In step 85, calculating a patent technology correlation index F of any technical system relative to another technical system according to the contact ratio; wherein, for the first technical system, FA=C3*A3+C2*A2+C1*A1,FBC3 × B3+ C2 × B2+ C1 × B1, C3, C2, and C1 are empirical constants, in this example, C3, C2, and C1 respectively represent correlation coefficients of the collision between the IPC subclass, major class, and minor class and the two systems, and their empirical values are 1, 2, and 3, respectively.
For the first technical system, FAA3+ C2 a2+ C1 a1 ═ C3, i.e., FA=C3*A3+C2*A2+C1*A1=1*26%+2*5%+3*0=36%。
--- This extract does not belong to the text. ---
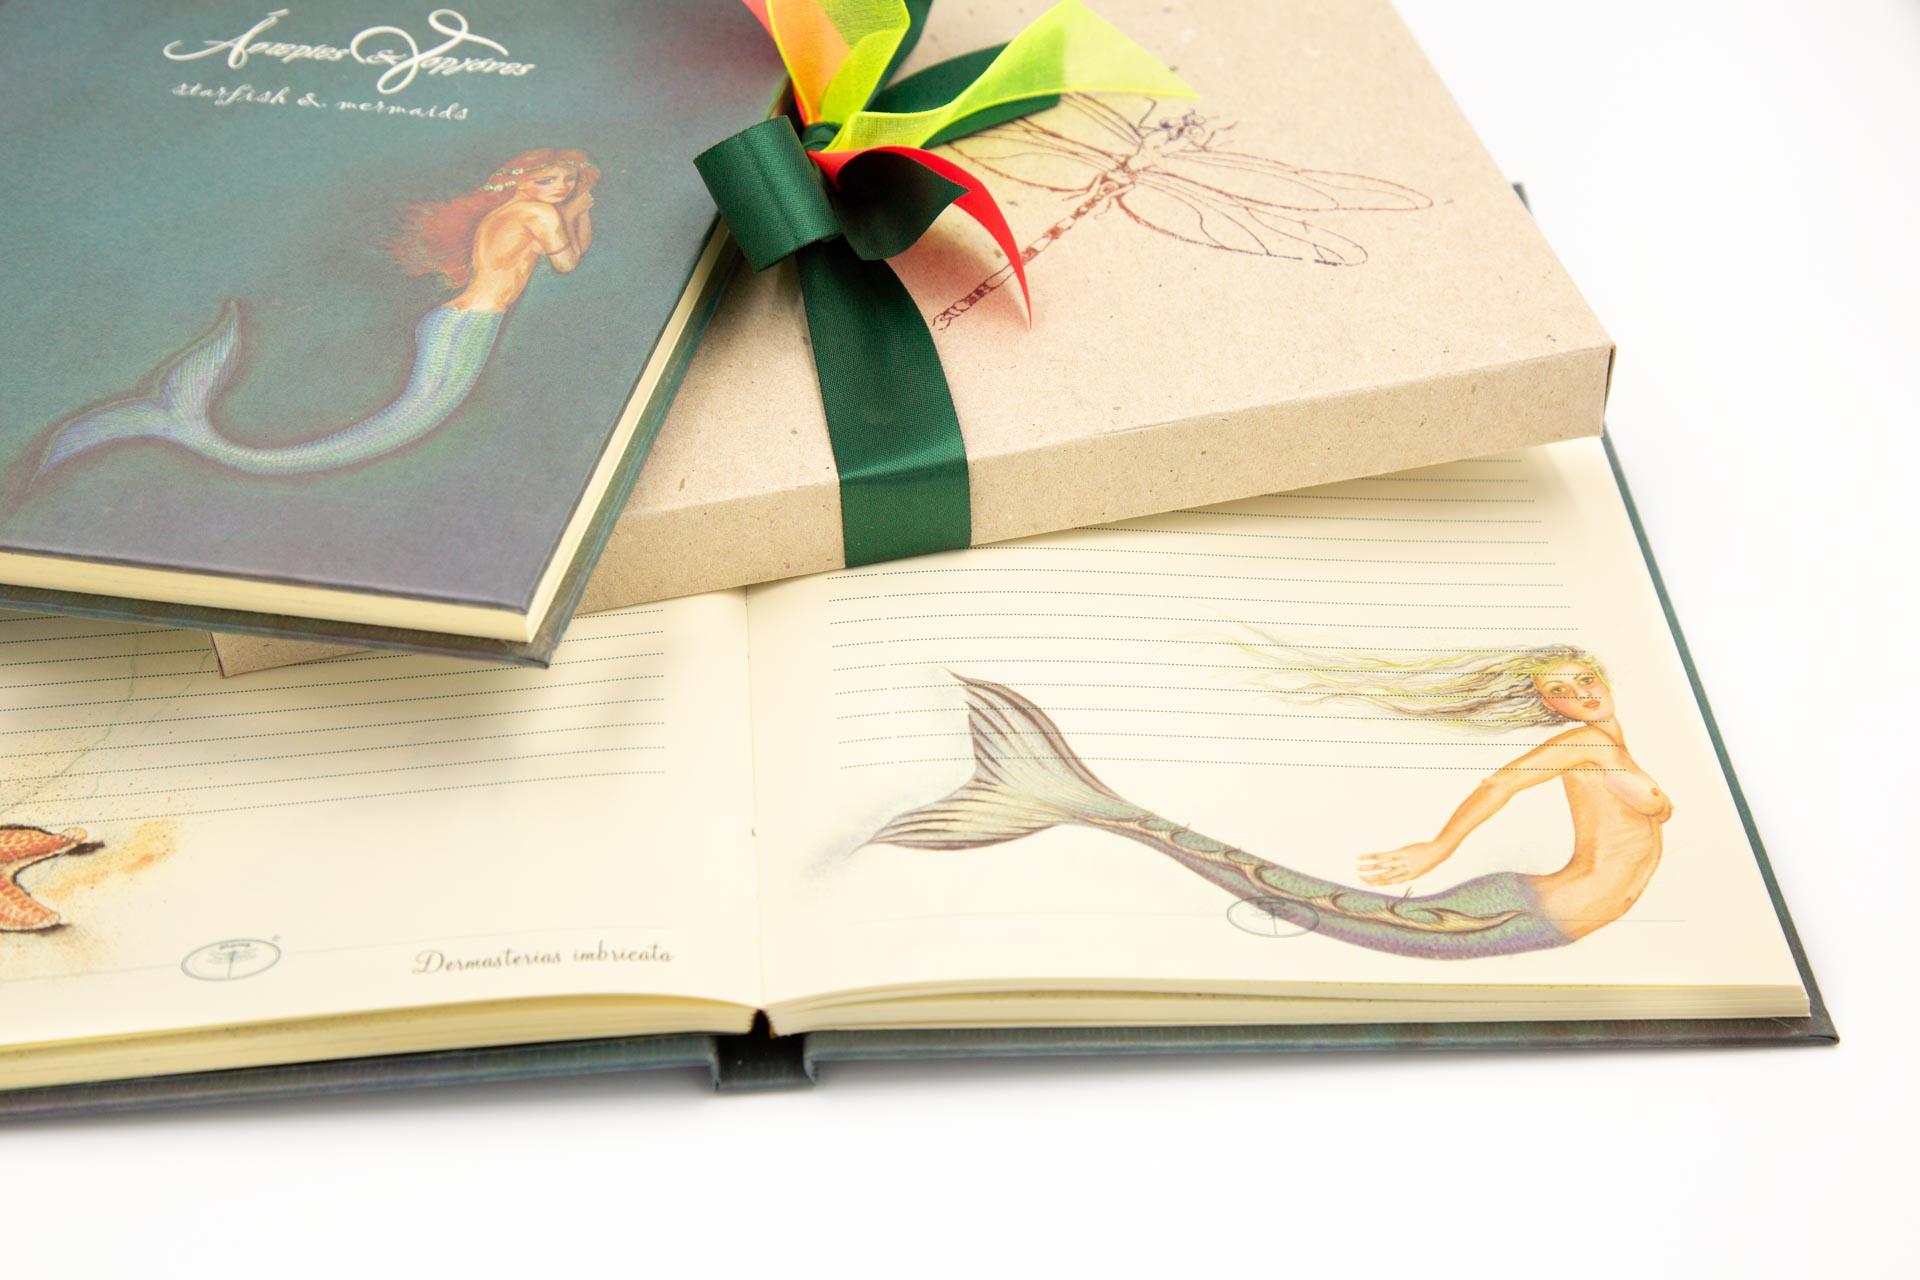 Personal notebook "Starfish & Mermaids" - Details

For the second technical system, FBC3 × B3+ C2 × B2+ C1 × B1, i.e., FB=C3*B3+C2*B2+C1*B1=1*50%+2*10%+3*0=60%。
In step 86, calculating the patent conflict probability G of any technical system relative to another technical system according to the correlation index F; wherein.
GA=FA/(C3+C2+C1)=36%/(1+2+3)=6%。GAAs a similarity between the first technical system and the second technical system. GB=FB/(C3+C2+C1)=60%/(1+2+3)=10%。GBAs a similarity of the second technical system to the first technical system.
Wherein G isAIs the similarity index, G, of the target technical solution set A and the technical solution subset BBIs the similarity index of the technical solution subset B and the target technical solution set A.